Tracey and I had some grand times on those cruises: there was the year we sat with a newlywed couple and he worked at a funeral home, telling us all the wild and crazy stories you’d never want to hear. The most memorable group we ever had at our dinner table was a police officer couple from the San Francisco area – I still remember their names, Bob and Sue DeMaria. A lovely couple. As were an elderly couple from the Deep South named Frances and Bob that we kept in touch with for a few years afterwards. And the cruise where we shared a table with a couple – he was an older gentleman, she was much younger; one night he and Tracey kept ordering trays of escargot one after another! There were other cruises where the company was not always so great, but you made it work as best you could.
One of the cool things about these cruises were the ship employees we grew so close to over a week together. We loved the “Touch Of Class” champagne bars aboard the old Monarch and Majesty of the Seas, and developed memorable (if brief) relationships with the bartenders and servers there. One anniversary we arrived to see that a server named Santos Orelios had hung up a “Happy Anniversary Doug and Tracey” sign and streamers on the wall for us. We dropped a lot of money in the champagne bars back in those days, but whatever we spent pales in comparison to the wonderful happy memories we have from them.
Back in those days (I highly doubt it’s like that today) people really dressed up for dinner on the high seas. Lots of gowns, cocktail dresses and tuxedos. You had to think when packing because there were two formals nights (the Captain’s Welcome Dinner and Captain’s Farewell Dinner), and, especially at second sitting, casual was only permitted one or two nights a cruise. For Royal Caribbean regulars you also had the special cocktail party! I remember the time Tracey and I knew it was all changing when we came down to dinner dressed nice (it wasn’t a formal night) and saw some dotard sitting at his table in a Harley Davidson cut-off T-shirt.
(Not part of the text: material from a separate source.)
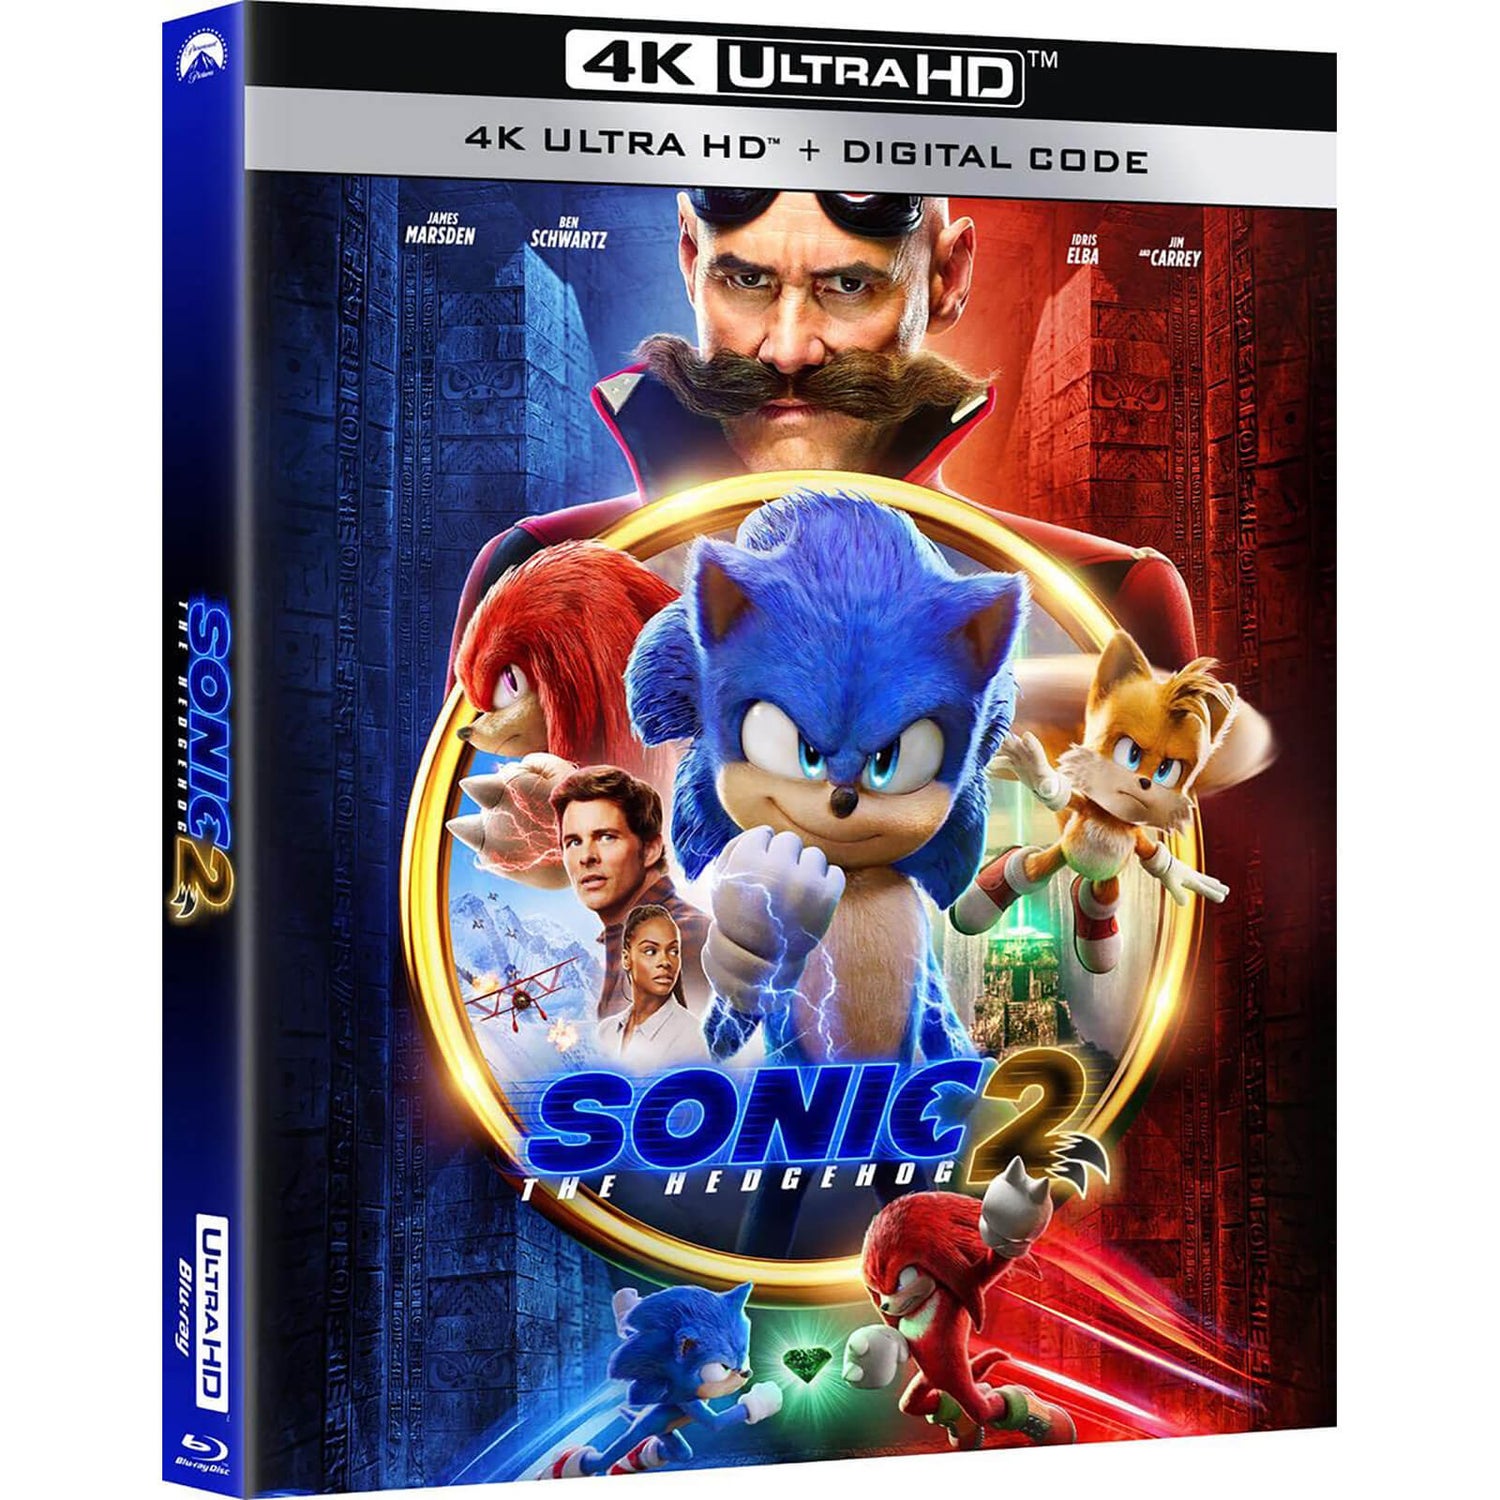 Sonic The Hedgehog 2 4K Ultra HD (Includes Digital)
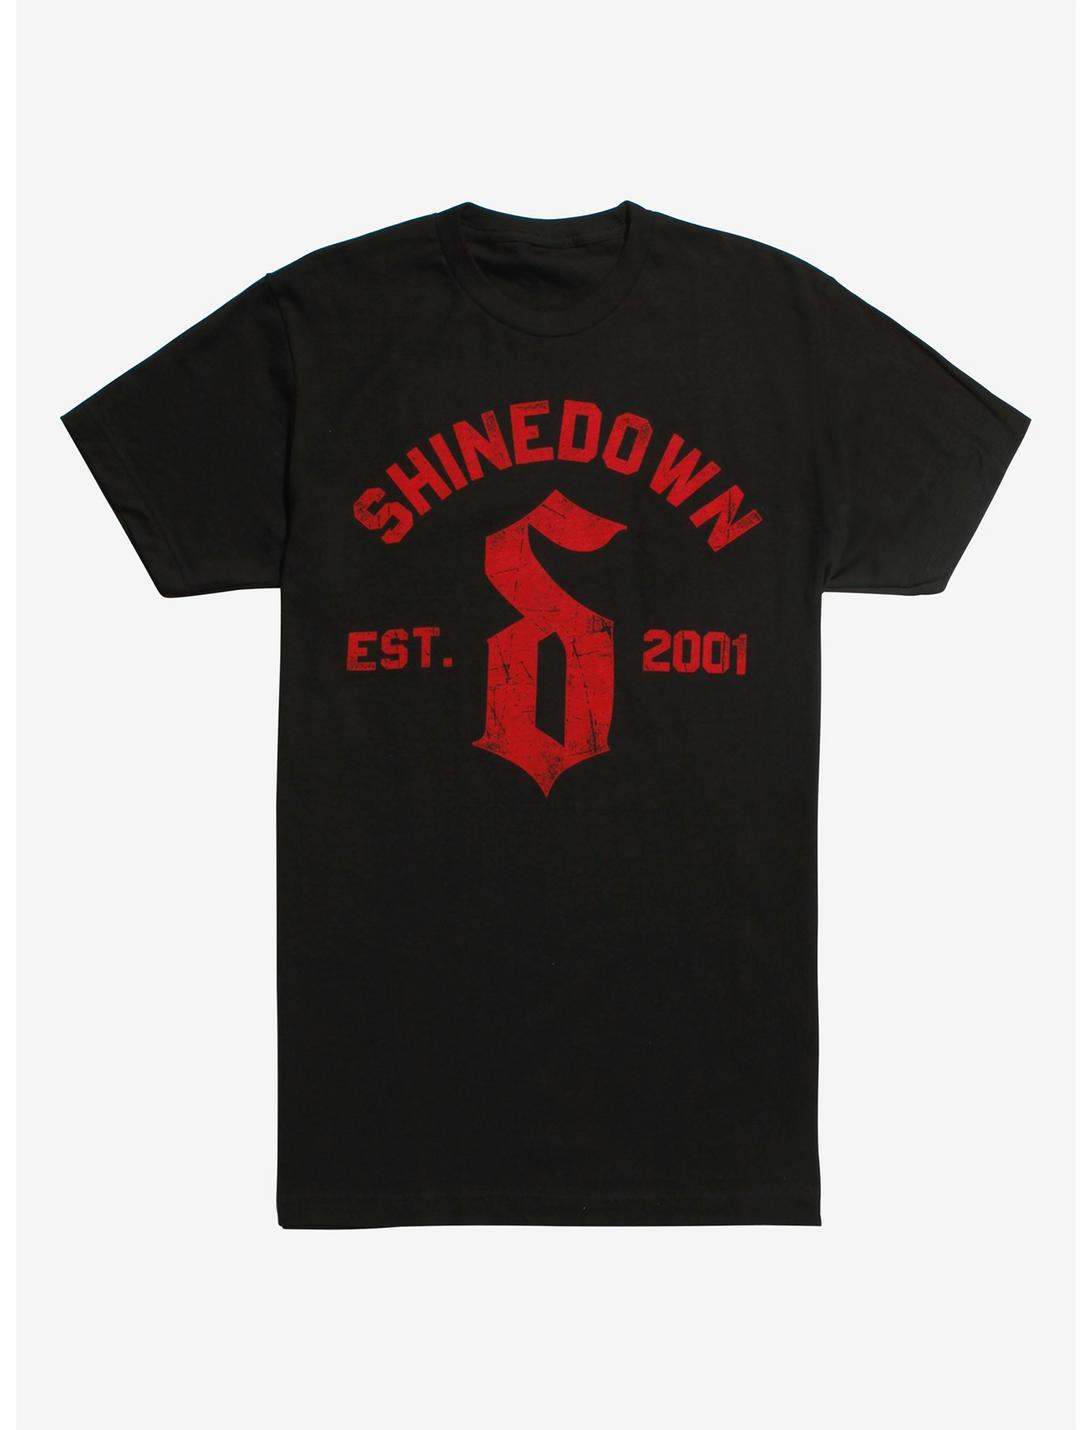 Shinedown Est. 2001 T-Shirt, BLACK, hi-res

Me? I would have tossed him overboard for shark food in a New York Minute. Those were the days of no cable TV and no internet cafes, certainly no cell phones. It was a vacation for vacation’s sake; a time to get away from your world and enter a world that could only be described as magical and enchanting, and a life experience now gone forever thanks to modern technology.
We’ve got boxes of pictures of many of those cruises in one of our closets. It might be nice to drag them out some night when there’s little on TV and a warm breeze is rustling the palm trees out in the backyard. It all seems so long ago, almost like a dream.